▸ DIRECTIONS
In the material below, find the line with "ステッチ王族ゴージャス帯電防止櫛 ヘアケア ヘアブラシ"; set down that line and every line after it to the end, exactly, without pictures.

▸ DATA SECTION
—————
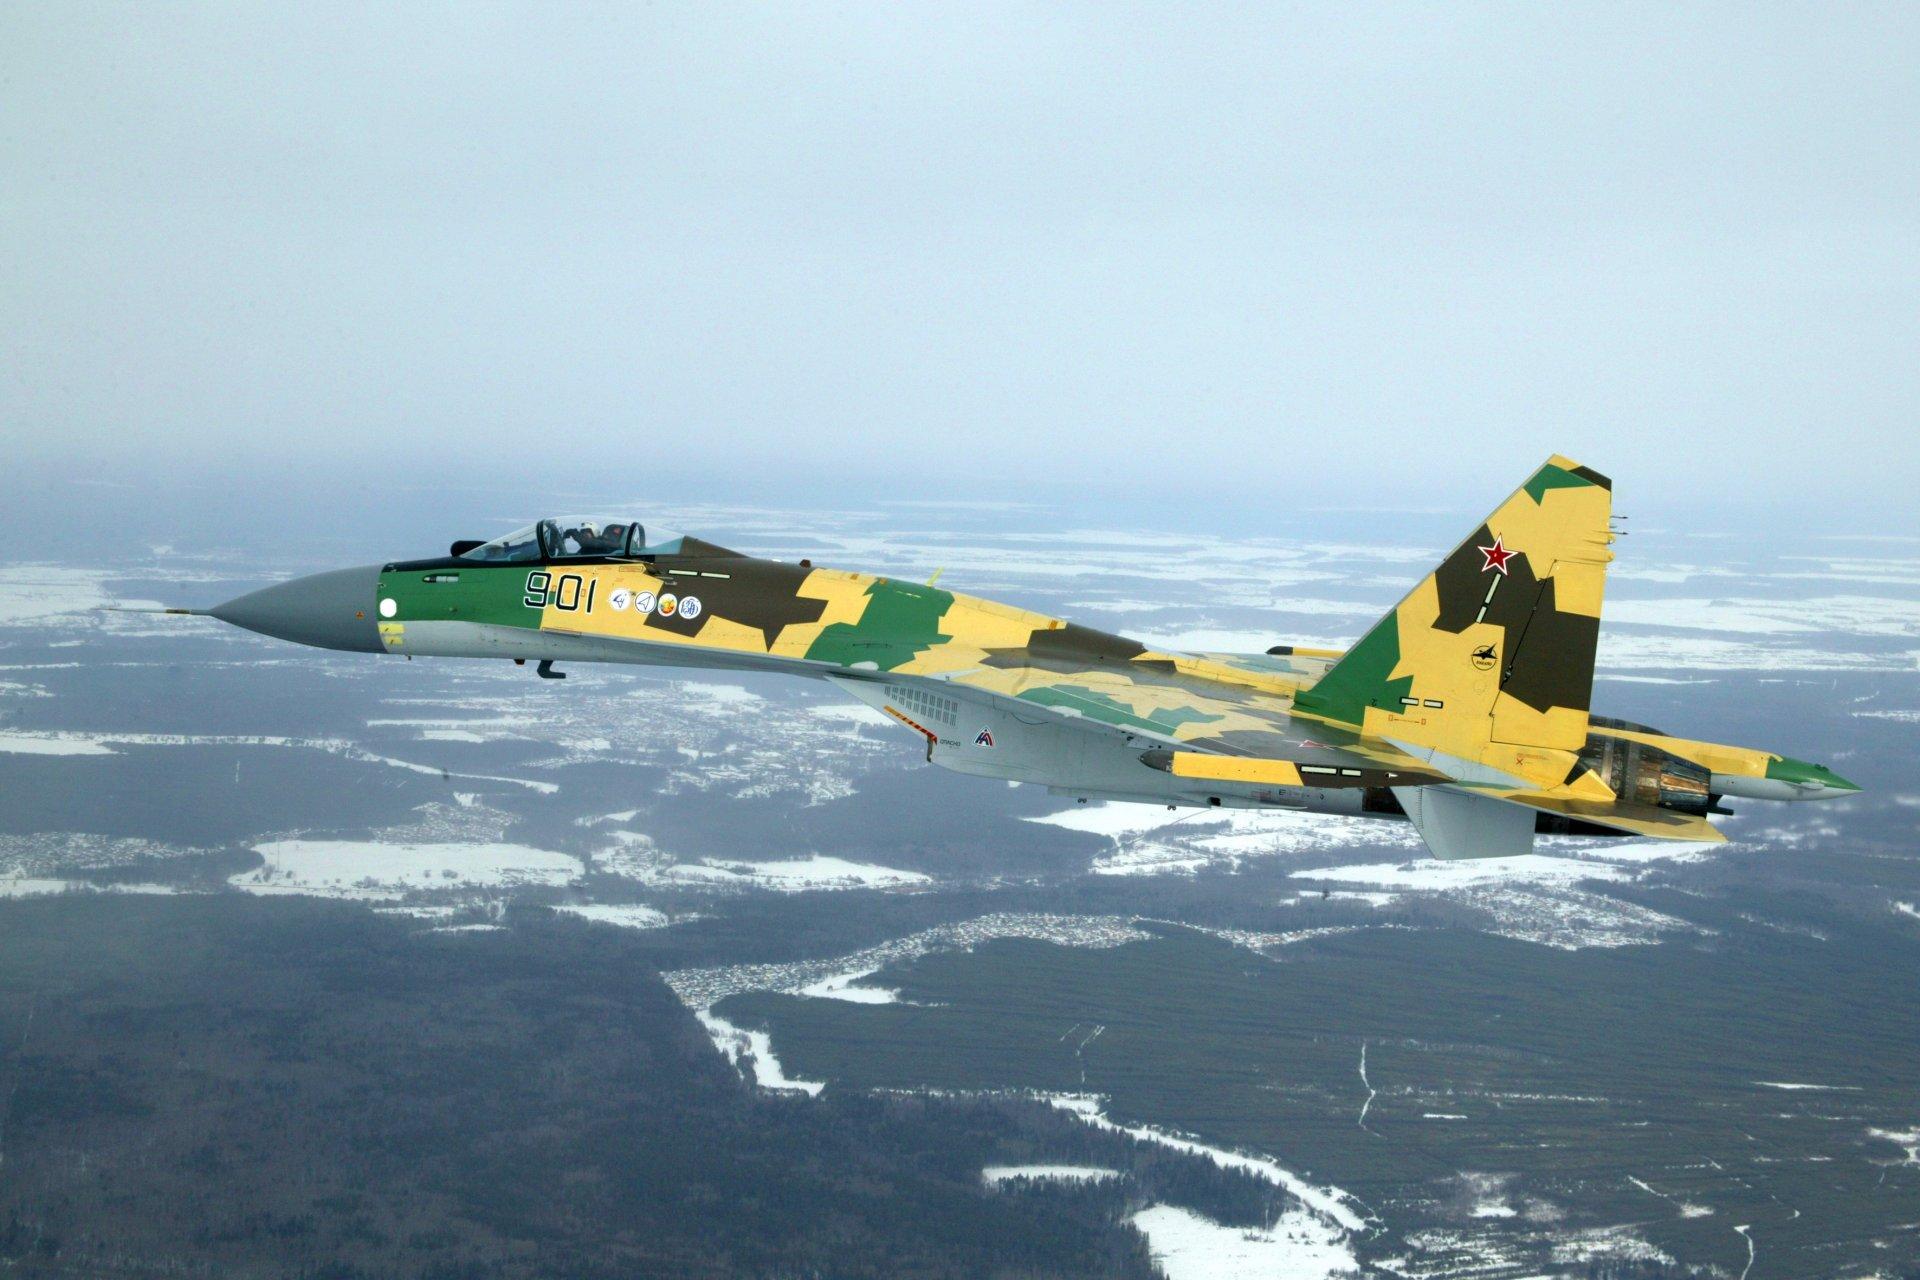 Обои сверхманевренный, Самолёт, многоцелевой, Su-35. Авиация foto 18
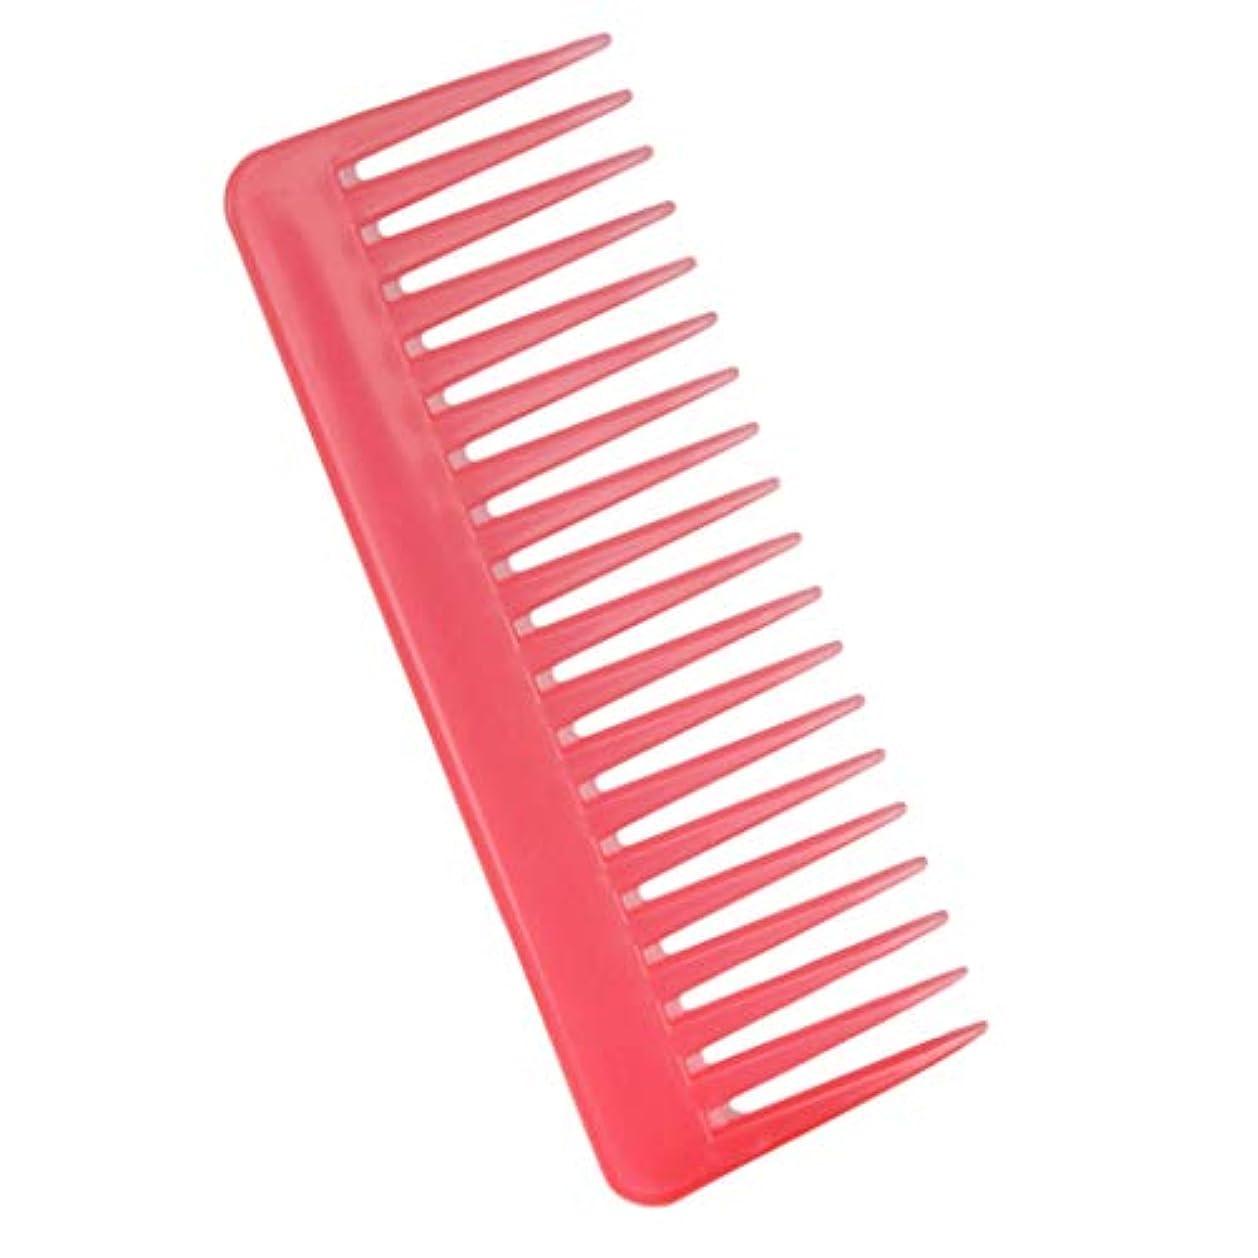 ステッチ王族ゴージャス帯電防止櫛 ヘアケア ヘアブラシ サロン用 自宅用 ヘアコーム 3色選べ - ピンク
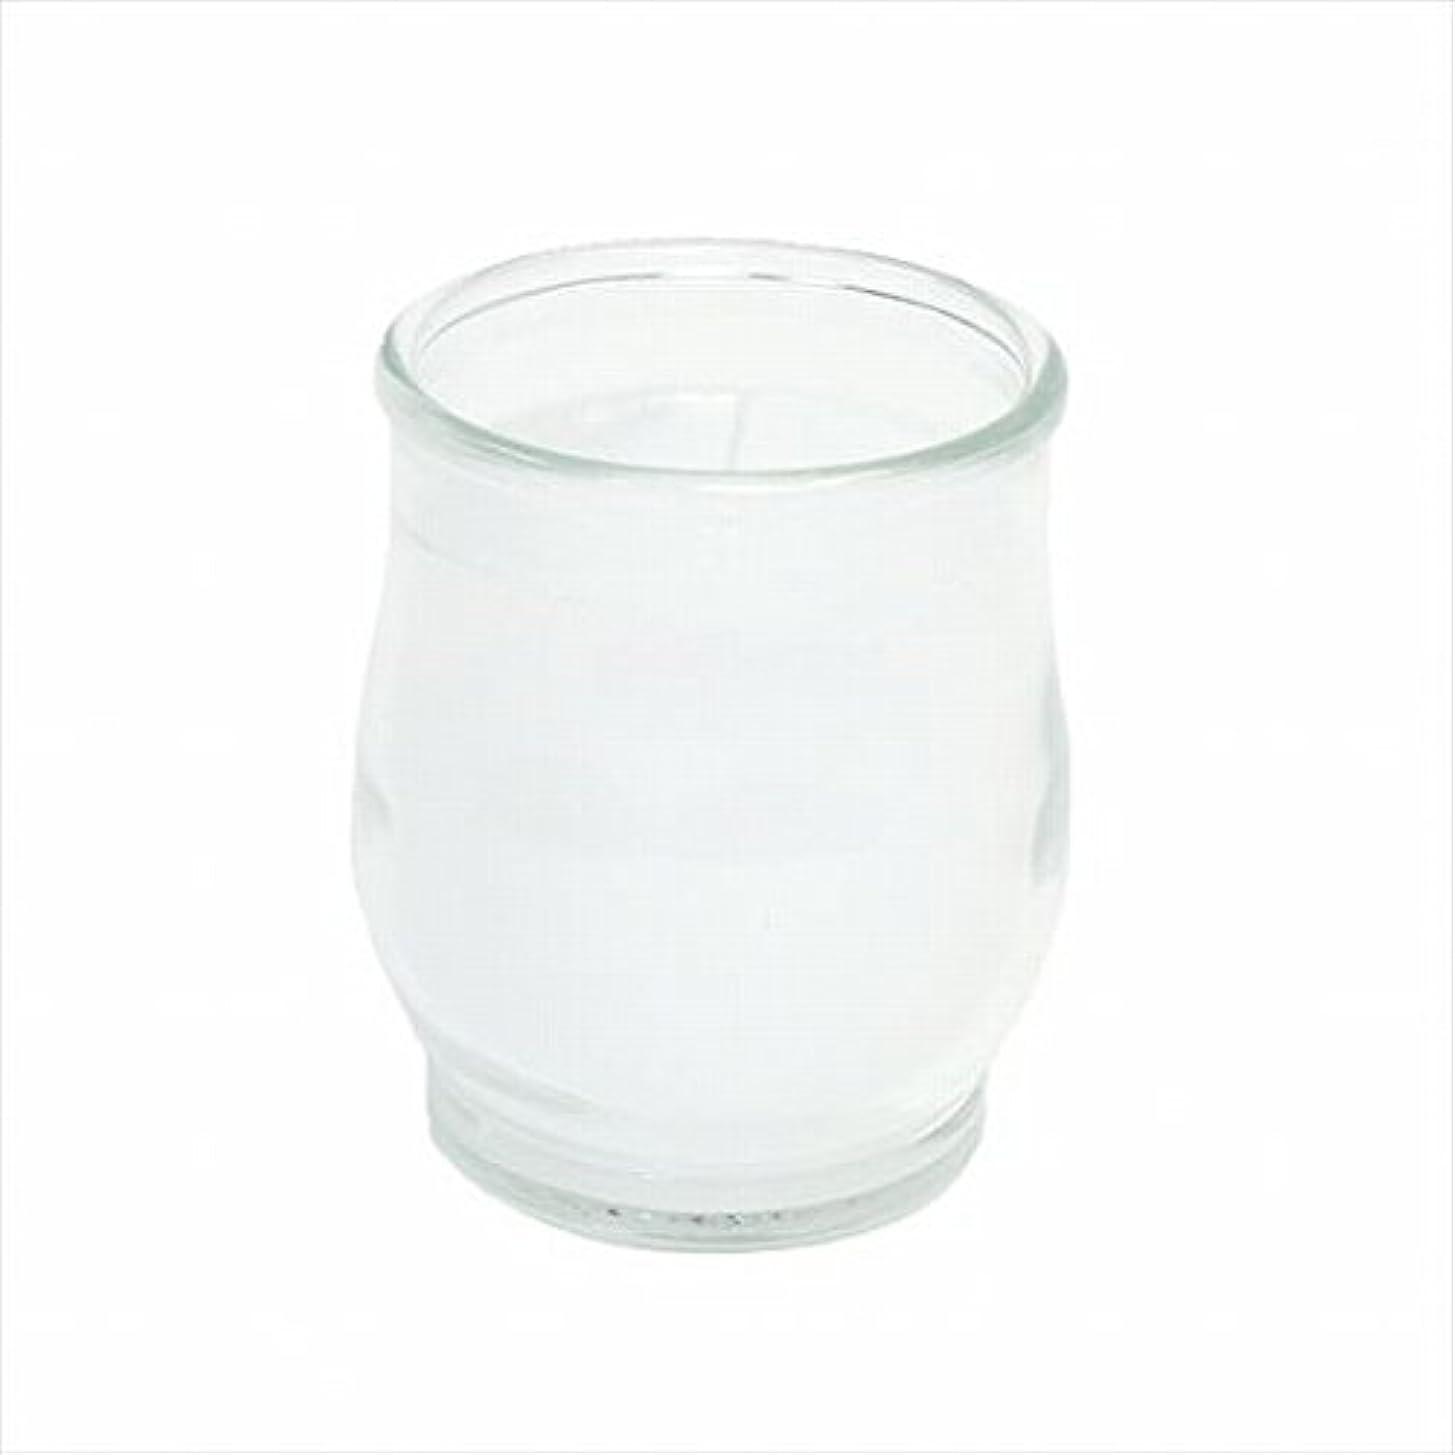 年ルアー維持カメヤマキャンドル(kameyama candle) ポシェ(非常用コップローソク) 「 クリア 」
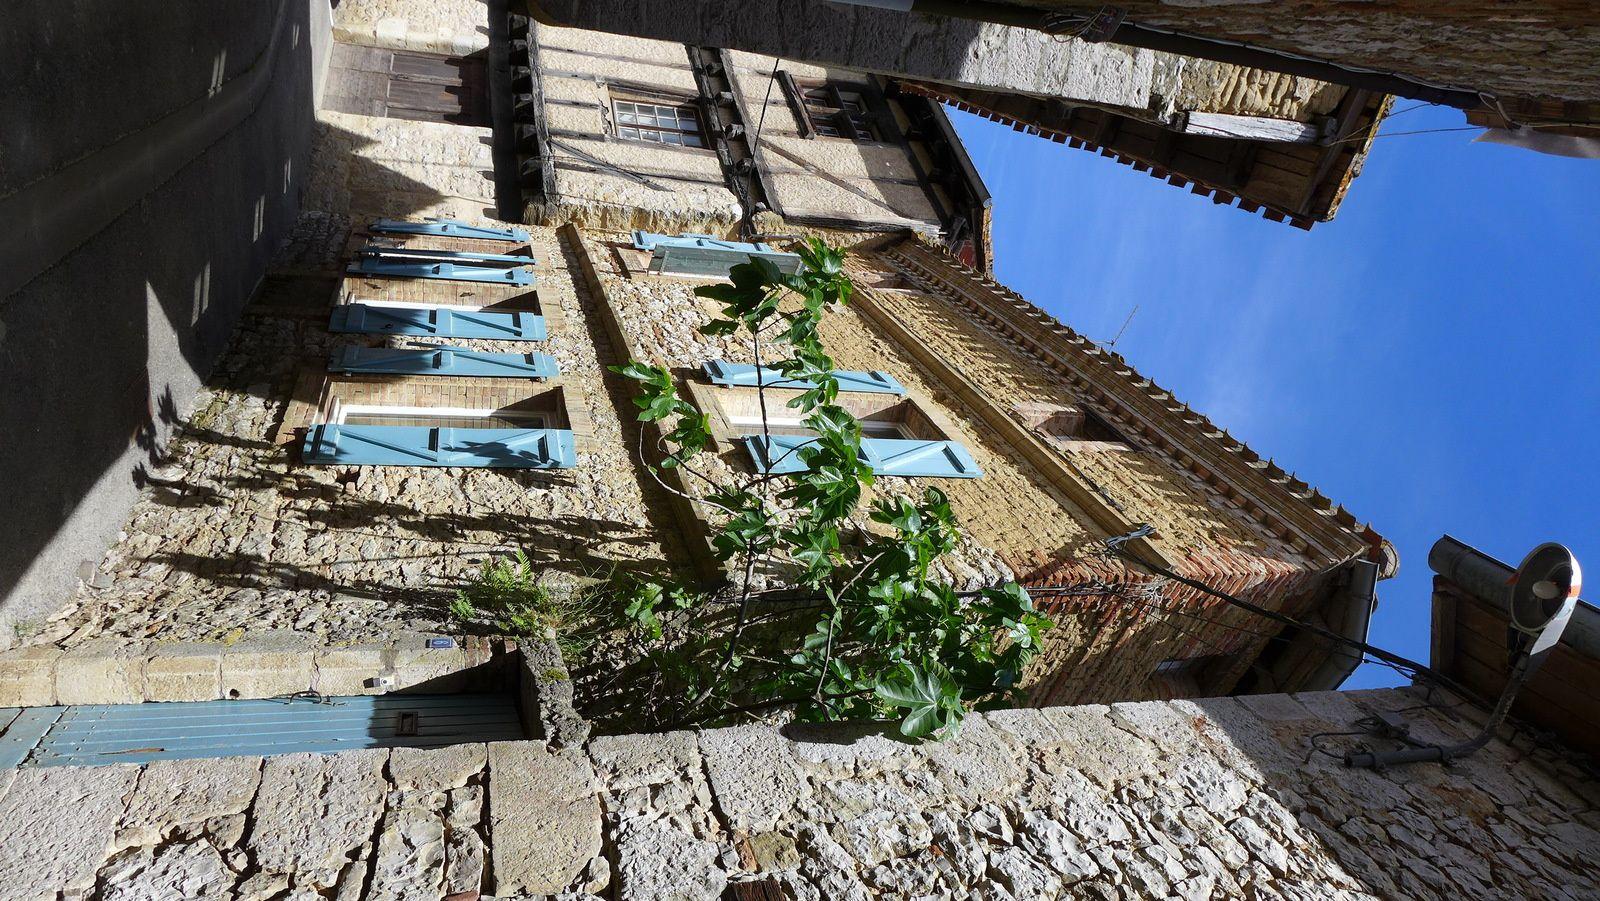 Gorges de l'aveyron de Montauban à Penne
—————
▸ RESPONSE
 ステッチ王族ゴージャス帯電防止櫛 ヘアケア ヘアブラシ サロン用 自宅用 ヘアコーム 3色選べ - ピンク
 年ルアー維持カメヤマキャンドル(kameyama candle) ポシェ(非常用コップローソク) 「 クリア 」
 Gorges de l'aveyron de Montauban à Penne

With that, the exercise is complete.